I bought my wife a Fitbit for Christmas, so I’m wearing it now. Apparently, buying my wife a fitness and activity tracker as a gift said to her, “I, as your husband, want to trick you into wearing a device that will allow me to track your fitness and activity levels.” She didn’t like that very much.
I am constantly amazed at how much credit my wife gives me for being clever, or devious, or caring. We have been married for almost fourteen years now and she still hasn’t figured out that all the space in my brain is being taken up by five major categories: Sports, song lyrics, random movie quotes, Snapple lid trivia, and thinking about pizza. My brain activity surrounding most everything else is pretty much at a flat line - especially gift giving.
Here’s what my thought process was regarding the purchase of a Fitbit for my wife:
“Crap, it’s almost Christmas. What does Amazon Prime have that could be here in two days? Hey, look at that ad that just popped up on my Amazon page for a Fitbit. Her mom has one of those. And it’s just expensive enough that it can be my one gift to her, but still affordable. Add to cart.”
Like I said, she gives me waaaay too much credit.
So now I have a Fitbit. I have been wearing it for a grand total of three days now, and it has already completely taken over my life. It’s like some kind of brain chip implant from a sci-fi movie that controls my feelings. I have never once cared about how many steps I’ve taken in a day, but now I am utterly obsessed with it.
I went downstairs yesterday after showering and realized that I forgot to put it back on my wrist. I took the shortest route possible back to the bottom of the stairs and yelled up for someone to please go get my Fitbit off the bathroom counter and bring it down to me. Why? Because I didn’t want to waste the trip back up the stairs if I wasn’t going to get credit for it.
I found out after the first day that the Fitbit was not going to work as a watch replacement, however, so I have to wear it on my right arm. I tried it in place of my watch, but I kept having to flick my wrist to get it to come alive and tell me the time without pushing any buttons. I felt like an idiot whipping my hand up to my face more than once if it didn’t work the first time. Plus, I realized I think about time in terms of the face of my analog watch. I can see the space between the hands, representing how long it is until my next scheduled time to do something. Without hour and minute hands to look at, I just have to do too much math. Digital time confuses me and makes me late... Like I said, pretty much a flat line...

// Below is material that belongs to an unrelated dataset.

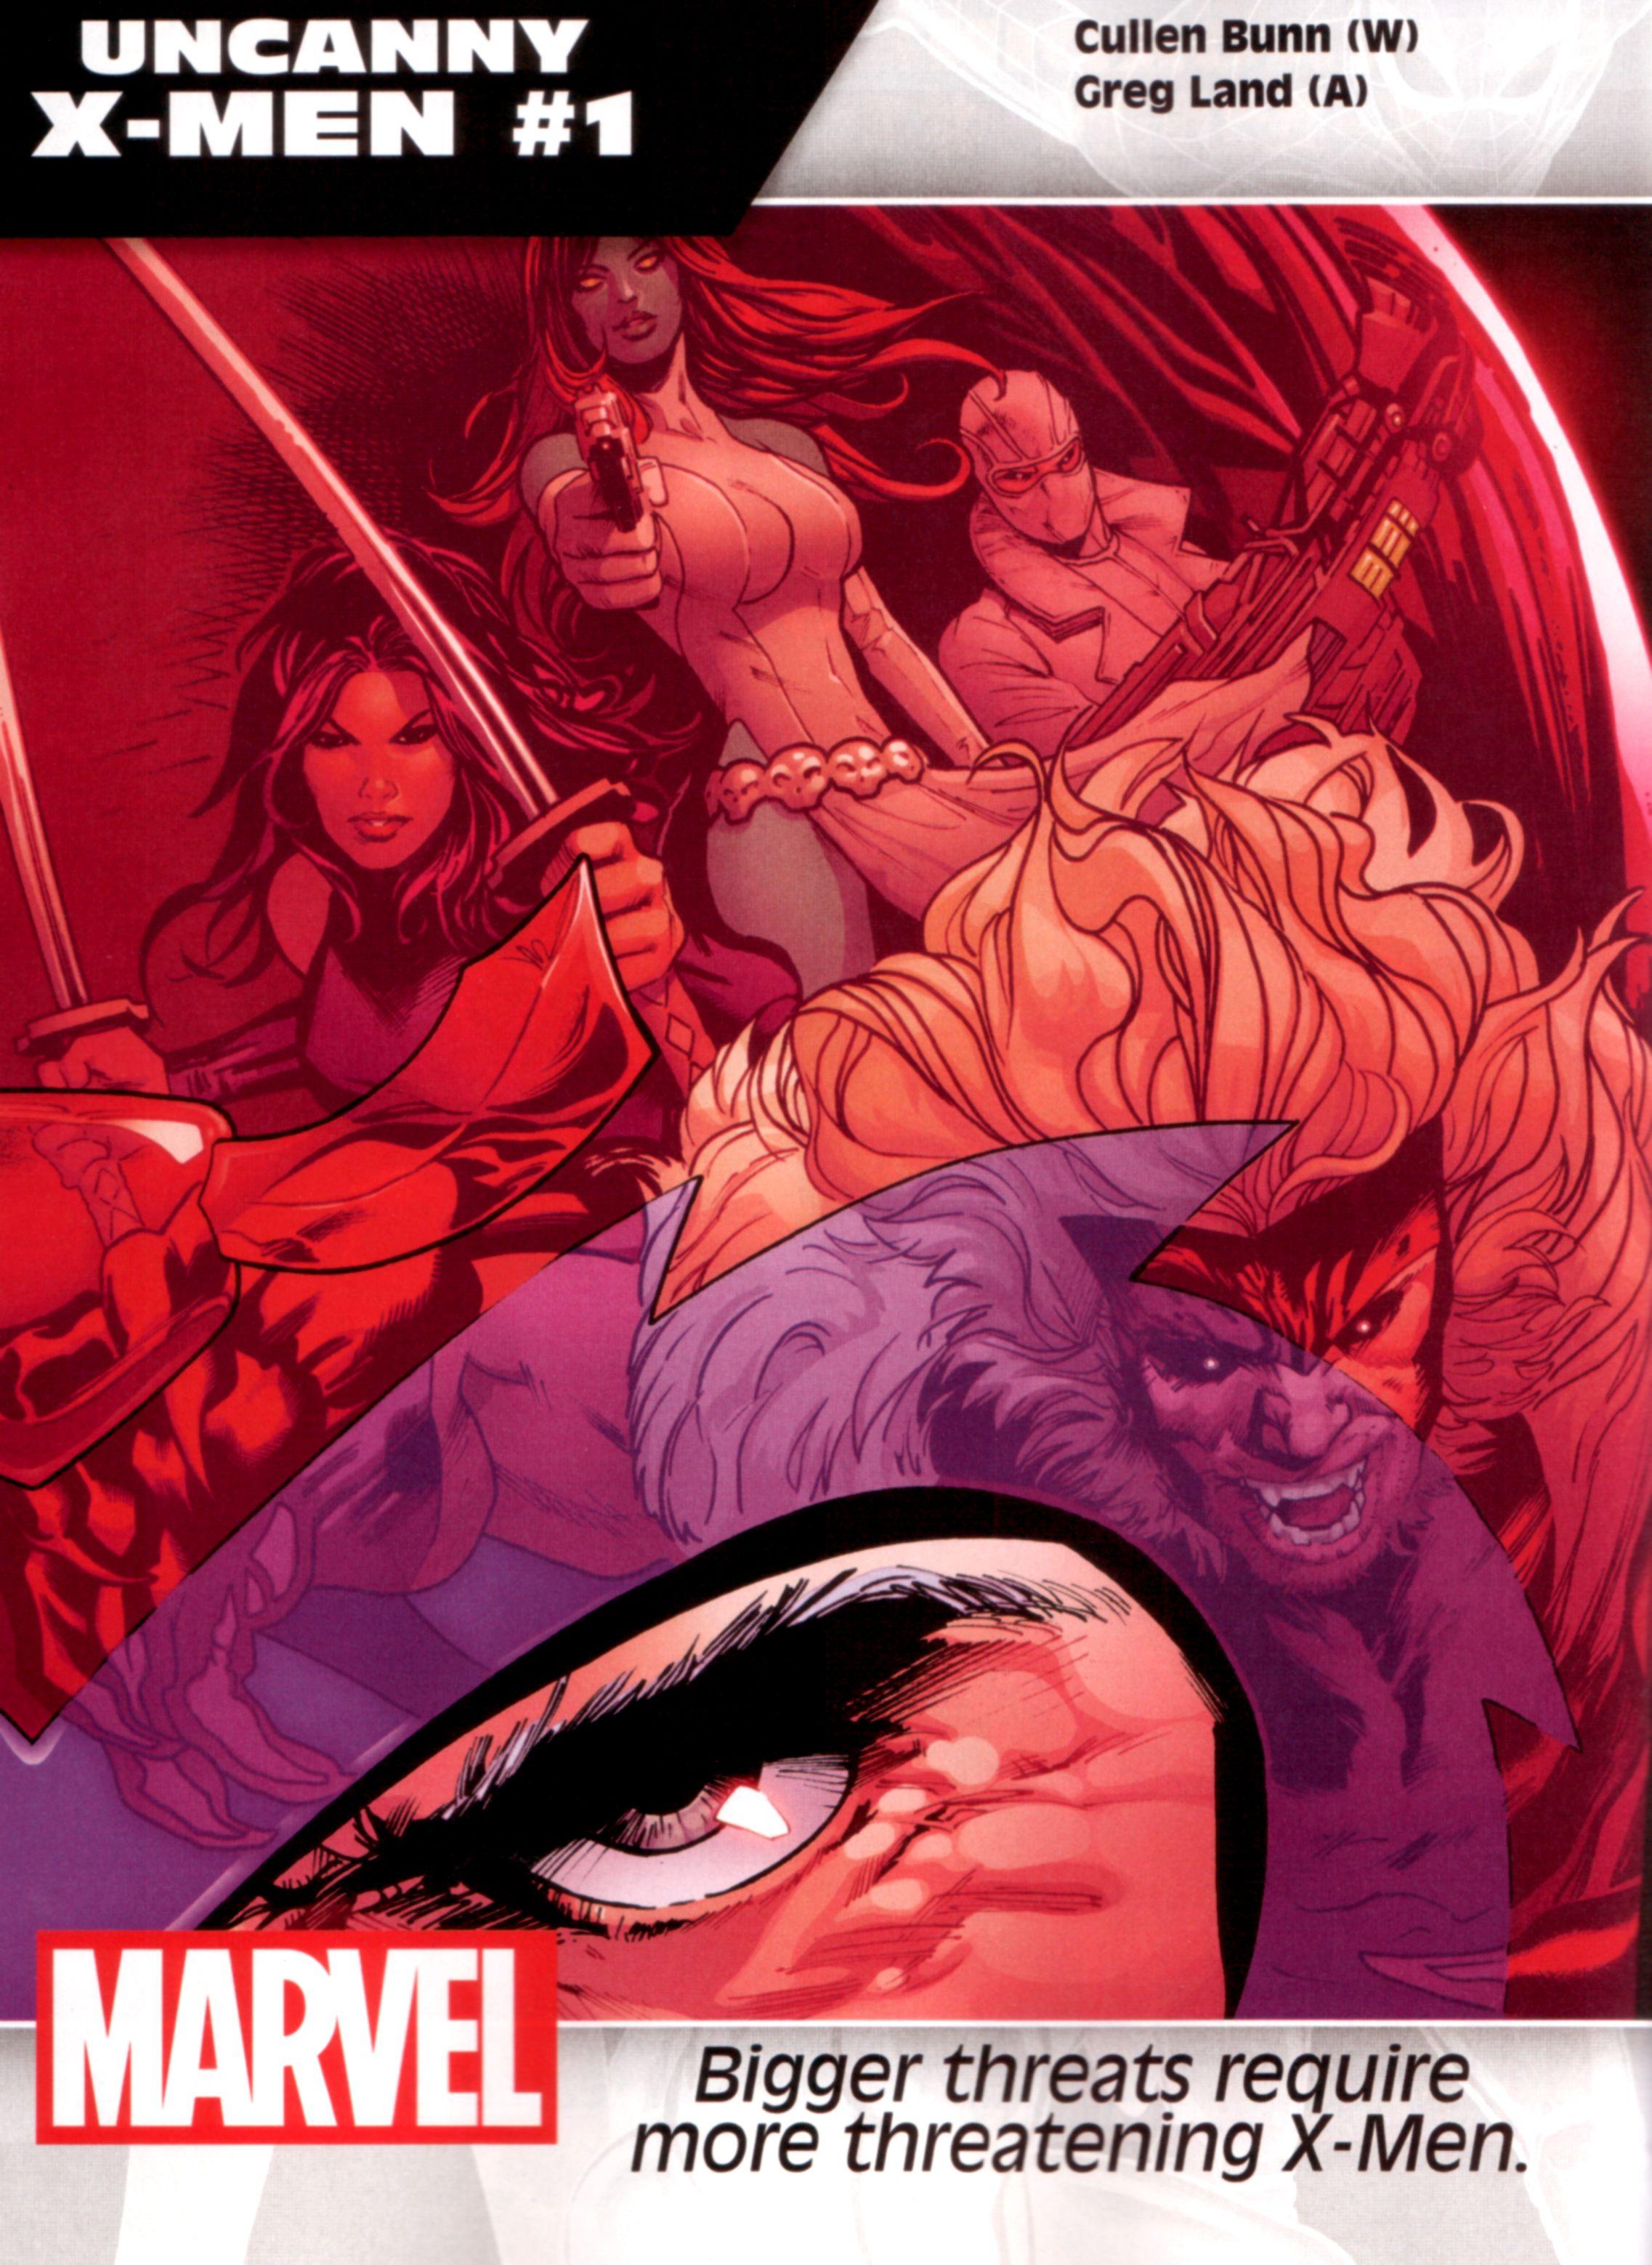 Uncanny X-Men #1 Volume 4 Midtown Comics
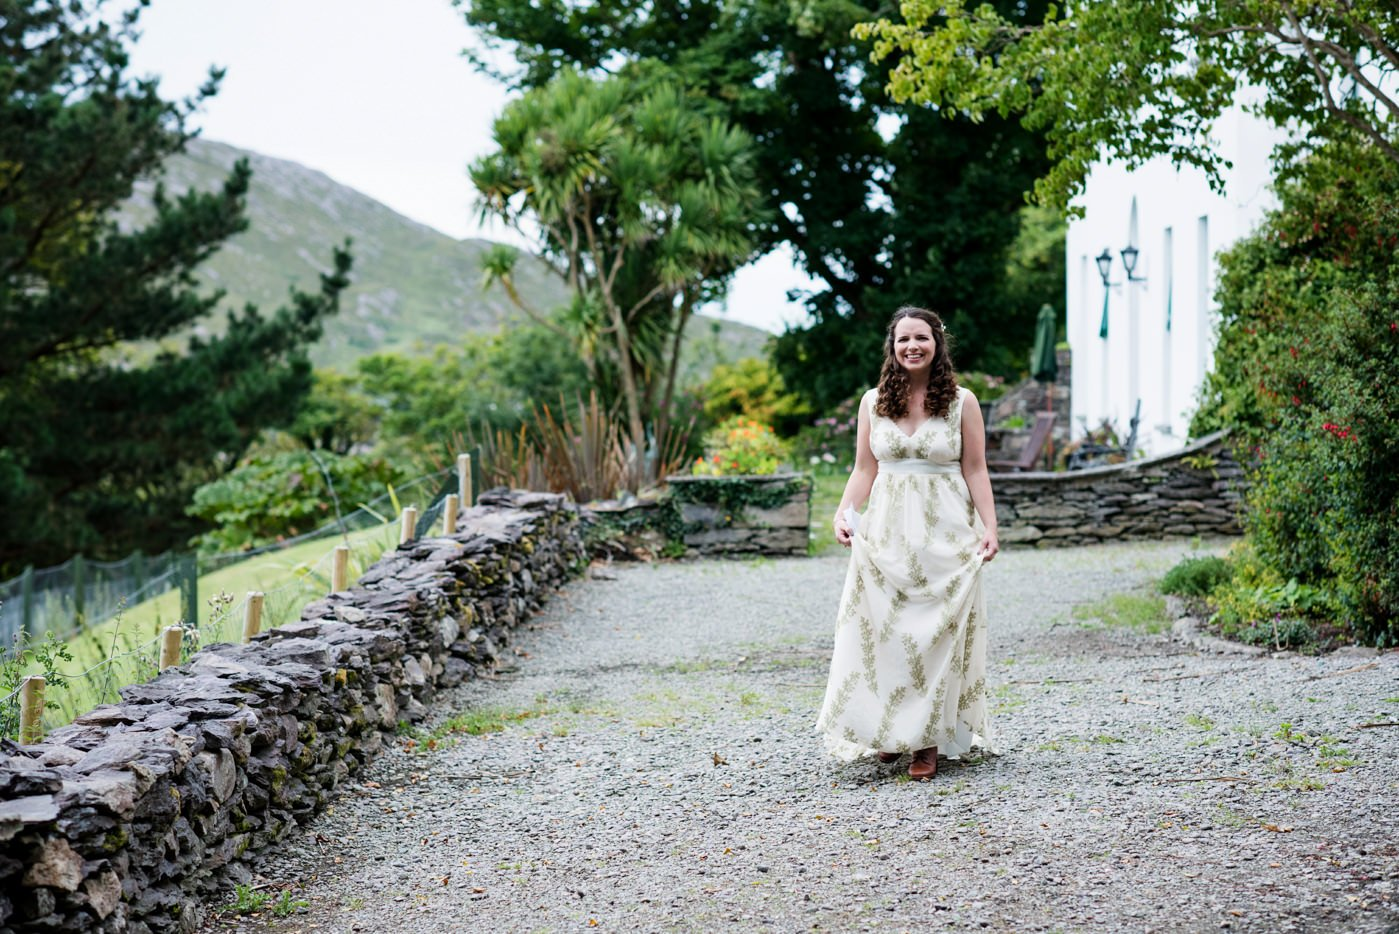 Bride wearing Indie Bride bohemian dress Co Kerry Ireland wedding

So I wear it on my right arm, and luckily on the Fitbit app on my phone, there is a setting to tell it that I’m wearing it on my dominant hand. It is so smart, it accounts for that. I guess so you don’t get credit for running when you’re actually just brushing your teeth.
They haven’t figured out vacuuming yet, though, because yesterday I “traveled” about two and a half miles in twenty minutes behind my Dyson. I’ll take it. If the Fitbit says it happened, that’s good enough for me.
I’m so obsessed with getting my ten thousand steps in every day that I almost hung up on my friend this morning. I answered his call on my walk back from taking the boys to school, and after saying hello, I came to the soul-crushing realization that I was holding the phone up to my ear with my right hand, and therefore not swinging my Fitbit arm, and therefore probably not getting credit for walking! I seriously considered stopping or hanging up on him, because I can’t use the phone with my left ear. It’s like trying to get dressed by putting the other leg into the pants first. It just doesn’t work.
And it even monitors my sleep. Once again, I have never given a second thought to sleep patterns, or sleep quality, or restlessness, but now that my Fitbit shows all that to me on my phone every morning, I’m obsessed. I can show you on my sleeping timeline the red line that indicates the exact time during the night that I got up to pee. I love America!
But now, not only am I obsessed with how many steps I’ve taken, I’m also concerned with all the light blue lines on my sleep timeline. Why was I so restless at 1:32 A.M. and then again at 3:27 A.M.?
I asked my wife about it, but she just mumbled something about “the #*%’ing Fitbit” and rolled over and went back to sleep. I guess maybe I should have waited until morning to ask her.
Oh, well. I’m not sure what I can do about the periods of restless sleep, but there is one huge question that needs to be answered. Namely, if I’m restless during the night, am I at least getting credit for it?
Rolling over in bed has to count for at least a few steps, right?